DATA SECTION ▸
:::
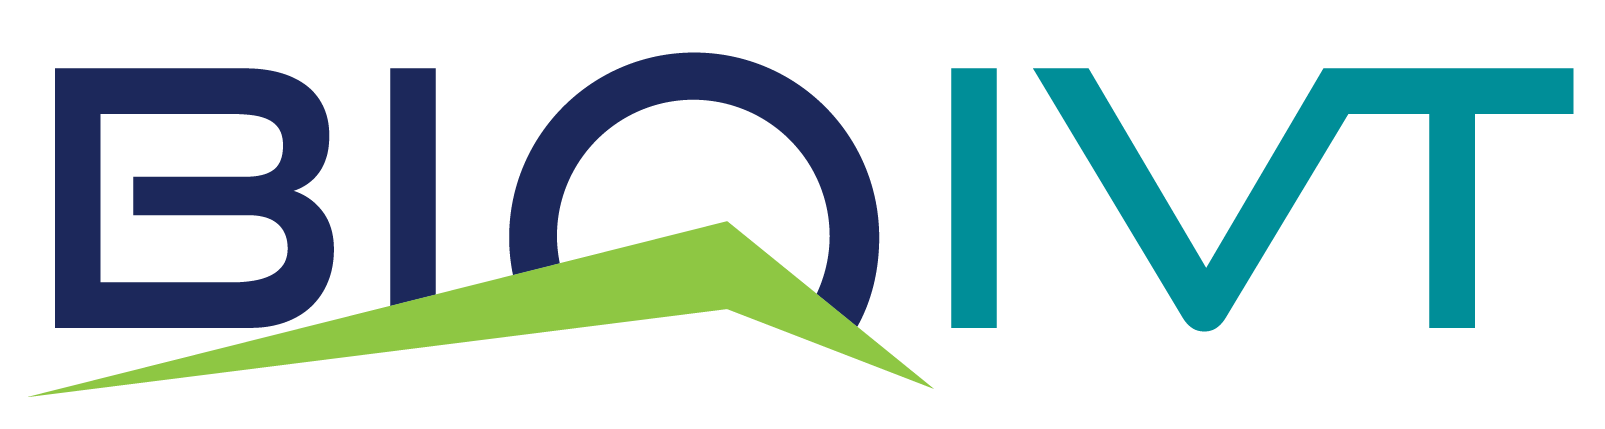 athenahealth logo, color
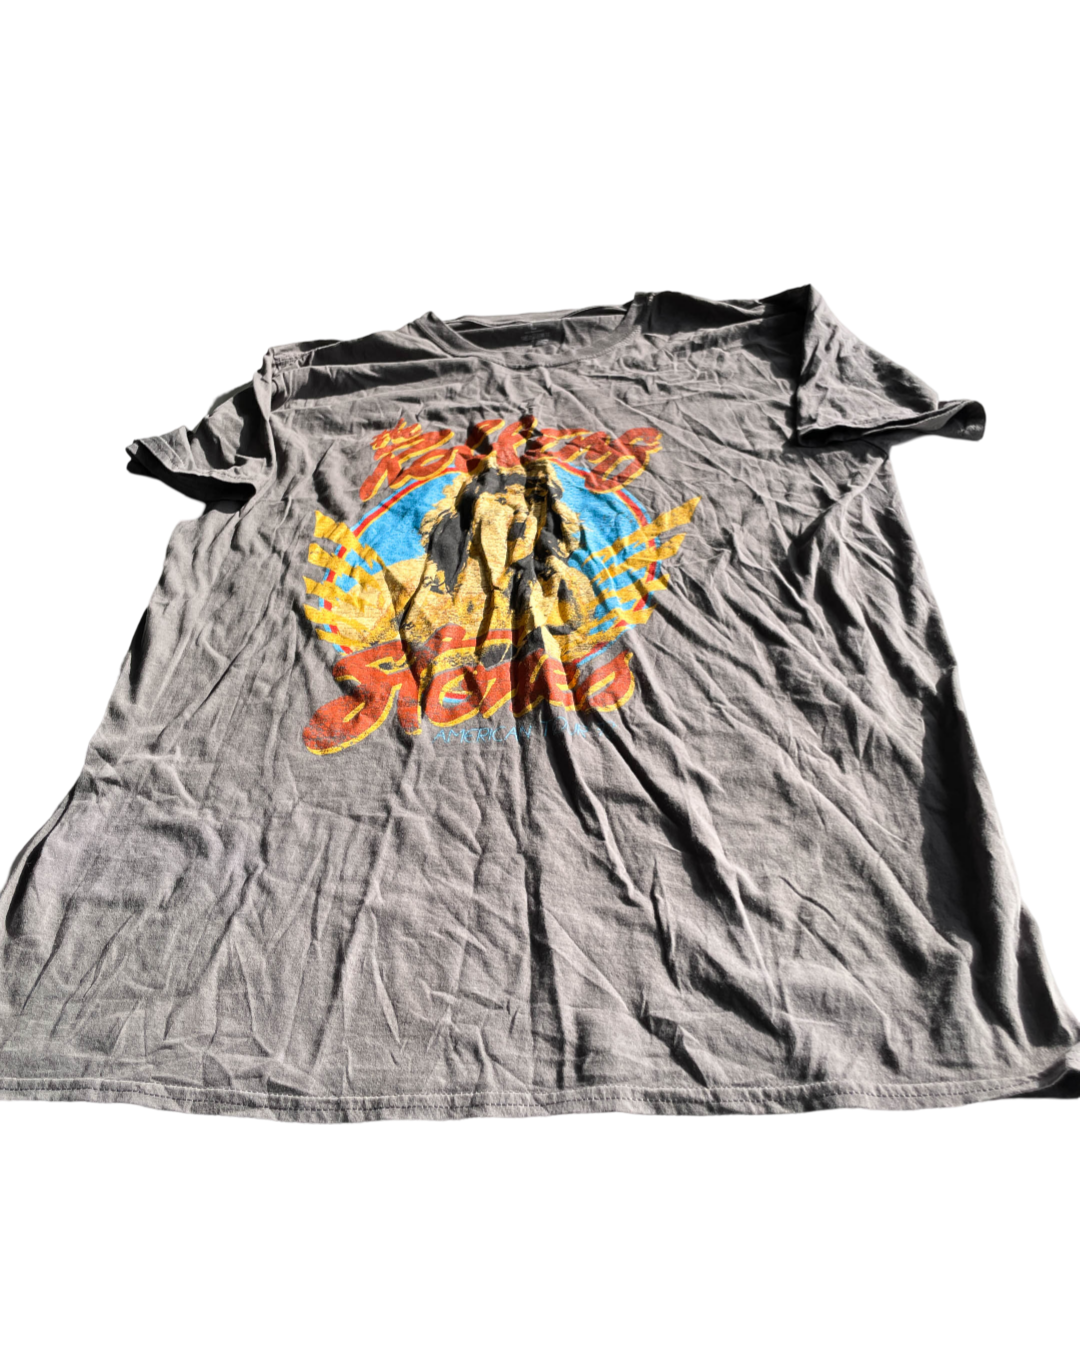 Vintage Rolling Stones Tour  grey T-Shirt in size L   L 31  W 23 |SKU 5062
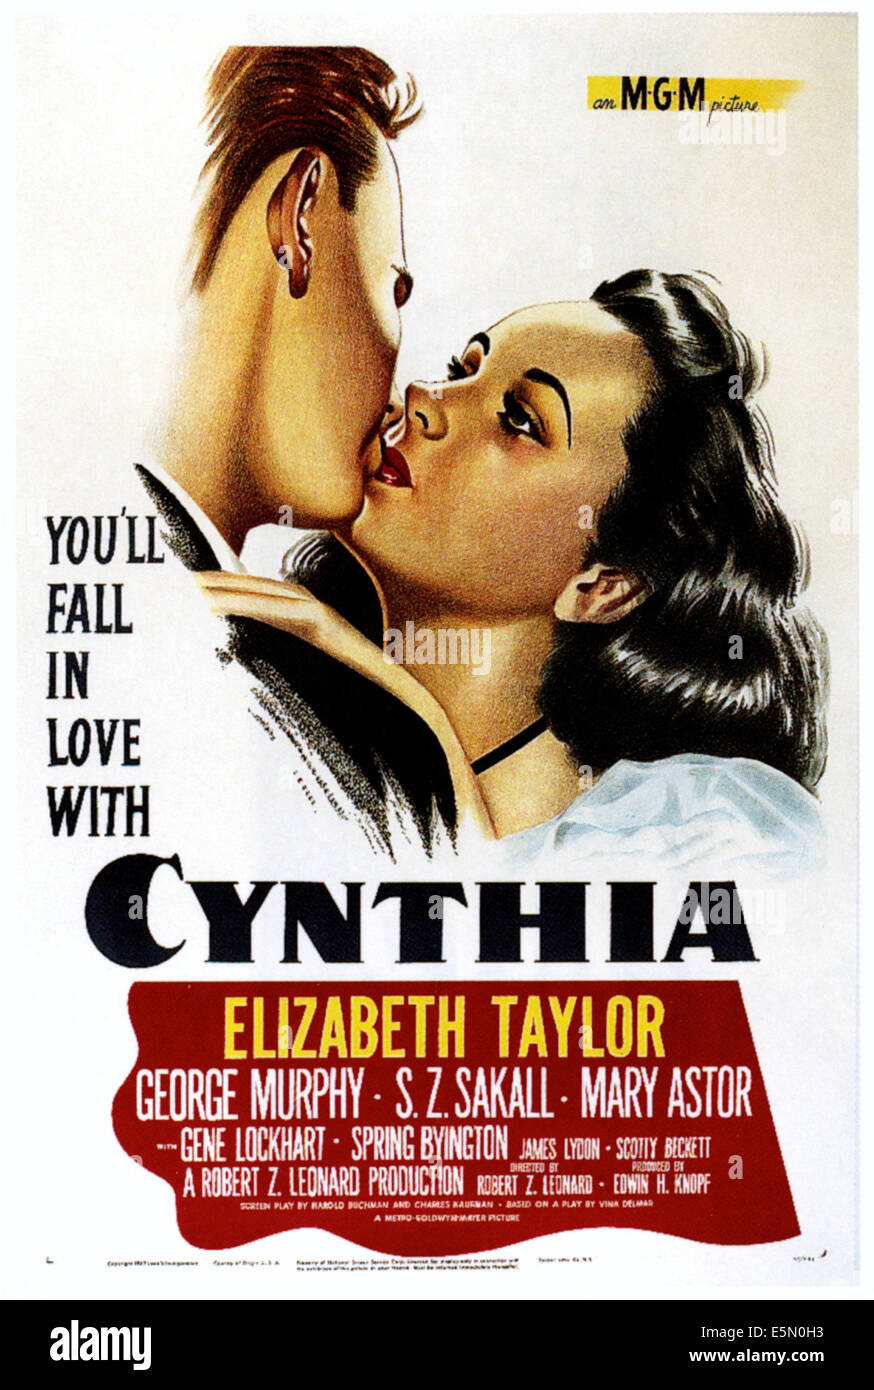 CYNTHIA, Elizabeth Taylor, 1947 Stock Photo
:::
TASK DIRECTIONS ▸ Print the listing word for word but skip its pictures.

RESULT BELOW ▸
 athenahealth logo, color
 Vintage Rolling Stones Tour  grey T-Shirt in size L   L 31  W 23 |SKU 5062
 CYNTHIA, Elizabeth Taylor, 1947 Stock Photo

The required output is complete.